Having reads of with errors is one thing, but in a way more interesting is if there exists software that can overcome, or compensate for, the errors. The article describes thorough comparisons of assemblies, using Velvet, MIRA, CLC Assembly Cell, and newbler, with all the data that were generated. Here the main findings were:
- the least fragmented assemblies were generated by combining two GS Junior runs (assembly with MIRA and newbler), or by using the paired end information in the MiSeq reads (assembly with CLC or Velvet)
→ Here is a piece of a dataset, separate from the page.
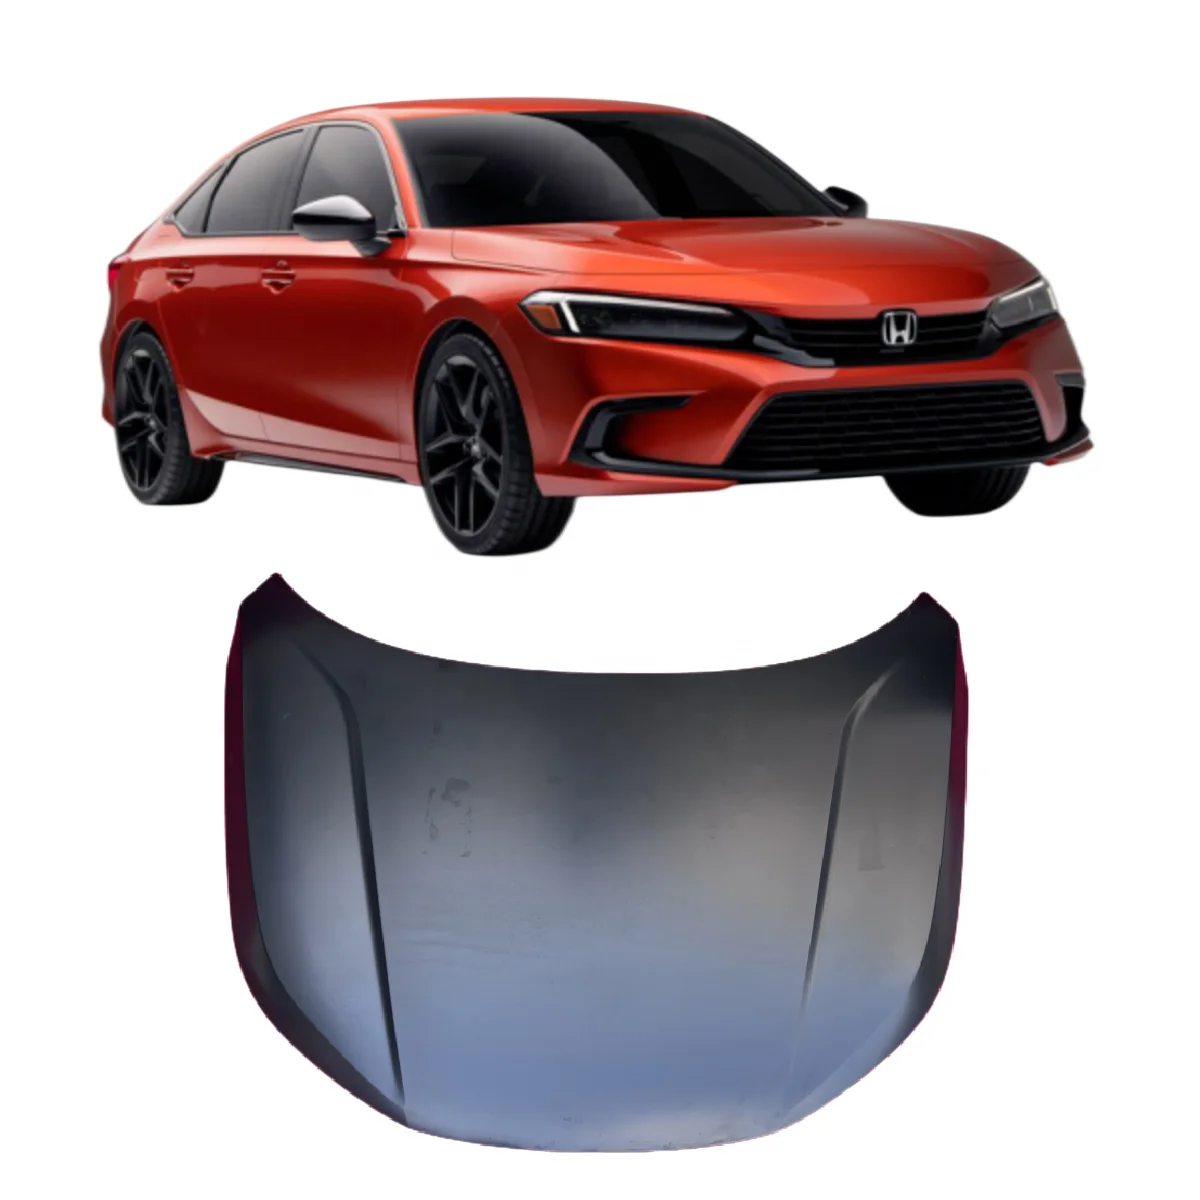 

Replacements for Hon-da CI-VIC 2022 car exterior auto body pars automotive 660100-T20-H00ZZ engineer covers car hoods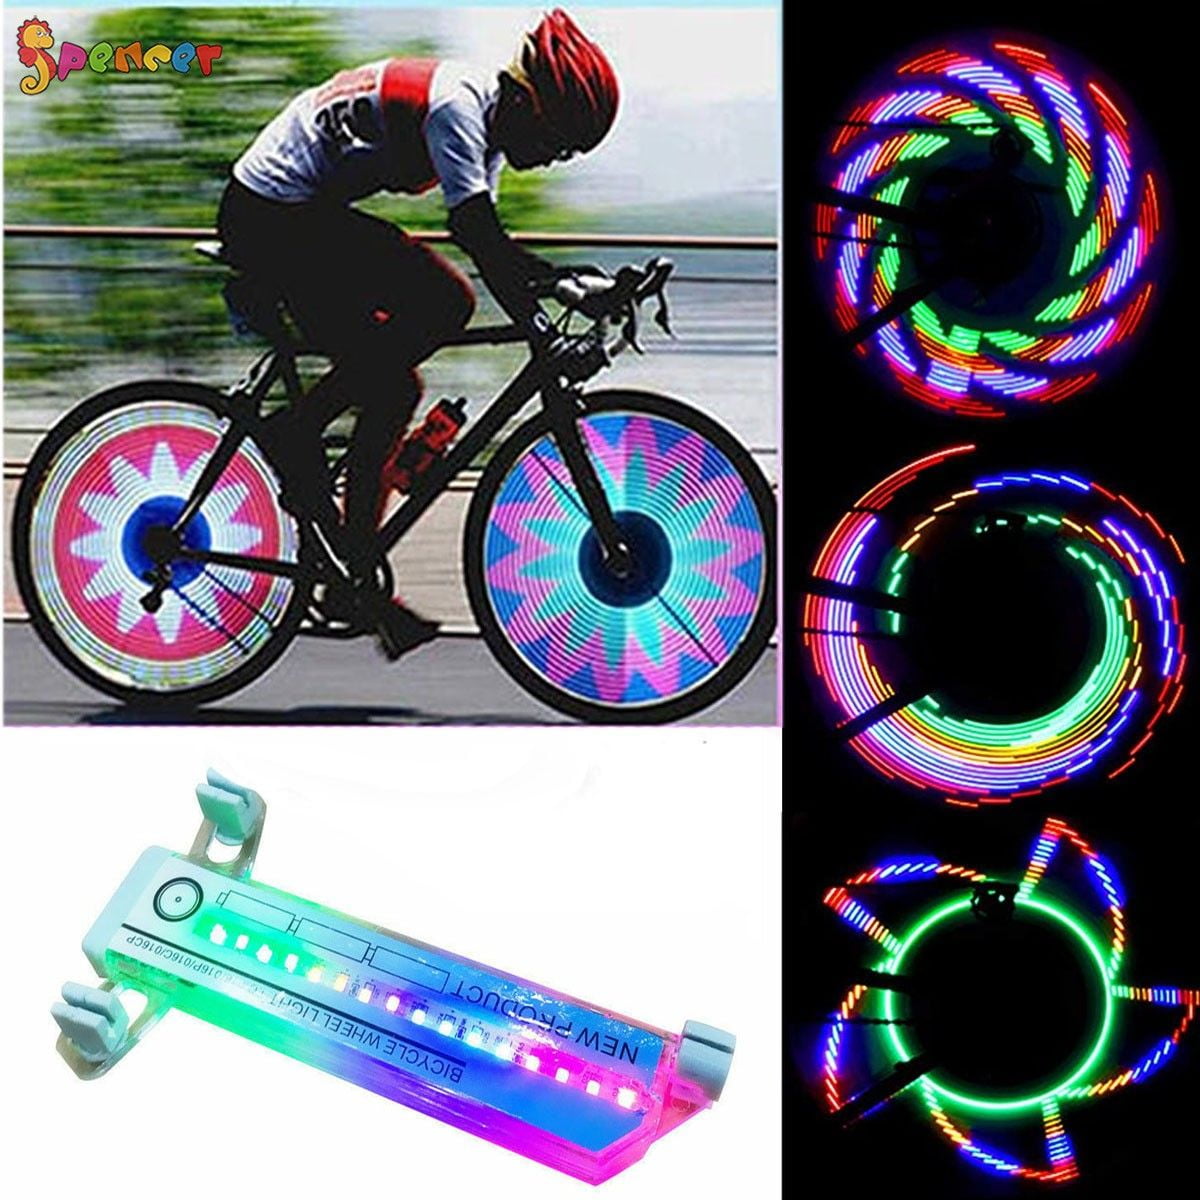 Details about   32 LED Colorful Bicycle Cycling Wheel Bike Signal Tire Spoke Light 32 Changes

- assemblies with Ion Torrent data lagged behind and were much more fragmented
- other combinations (single 454 runs, not using paired end information) resulted in fragmented assemblies as well
- GS Junior based assemblies covered more of the reference genome then the others
- the newbler program (GS Junior and Ion PGM data) showed the least amount of misassemblies
- although MIRA contigs covered more of the reference, they showed more misassemblies
- Ion PGM based assemblies showed many more gaps due to homopolymer errors, even for short ones (2-3 mers), then GS Junior based assemblies
- newbler showed less homopolymer-associated gaps for 454 data then MIRA
- with Ion PGM data, newbler handles correcting read errors in homopolymer tracts >3 bases better than MIRA, for short homopolymer tracts, the situation is reverse
- homopolymer-associated gaps were basically absent in the MiSeq based assemblies
- gaps not associated with homopolymers were present in about equal number regardless of dataset or assembler
One potential problem with these analysis is that the reference genome was generated using 454 technology and newbler, which could potentially give the GS Junior, especially its newbler assemblies, and advantage. When I asked Nick Loman about this, he pointed to the supplementary tables 1-3, which show results of the mapping of reads against two other reference genomes, one generated with PacBio+Illumina, and the other with Sanger reads. The indel error rates for these mappings are very similar, indicating that the choice of reference should not mater here. I tend to aree, but it would still be interesting to check the homopolymer associated gaps of the assemblies against these other references. Finally, unfortunately, the runtimes of the different assemblies were not included in the article, this would have been useful information for those of us interested in the fastest results.
Perhaps more important than the correctness of an assembly is the biological value it has. To that end, the assemblies generated were tested for the presence of 31 pathogenetically important protein coding genes, and 7 genes used for MLST typing:
- the MiSeq-based assemblies were more complete (at least 92% of the genes found full-length) than those based on the other technologies (less than 87% found)
- there were clear differences between the different assembly programs in how well they reconstructed gene space; for example, Velvet was much worse to assemble a certain type of gene with Illumina data relative to CLC and MIRA
So, which instrument is best? As usual, there can not be a single winner, as what is defined is ‘best’ is dependent on the requirements one has. The authors also don’t pick a winner, which I fully understand. For my own, and the readers of this blog’s sake, I though to summarise the specs of the instruments, and the findings of the paper, in a table. I placed an ‘X’ for each instrument that performed ‘best’ for the particular feature:
- if you want fast and cheap reads from a cheap instrument, buy an Ion PGM (but you’ll get ‘dirty’ data)
- if you lot’s of high quality, short read data without too much hassle in the lab, choose a MiSeq (but be prepared to wait for the data)
- if you want long reads for high quality assemblies, use a GS Junior (but prepared to pay a lot)
I applaud Nick and coauthors for making all raw data, assemblies, analysis scripts and results available online: through the Sequence Read Archive, and a github repository.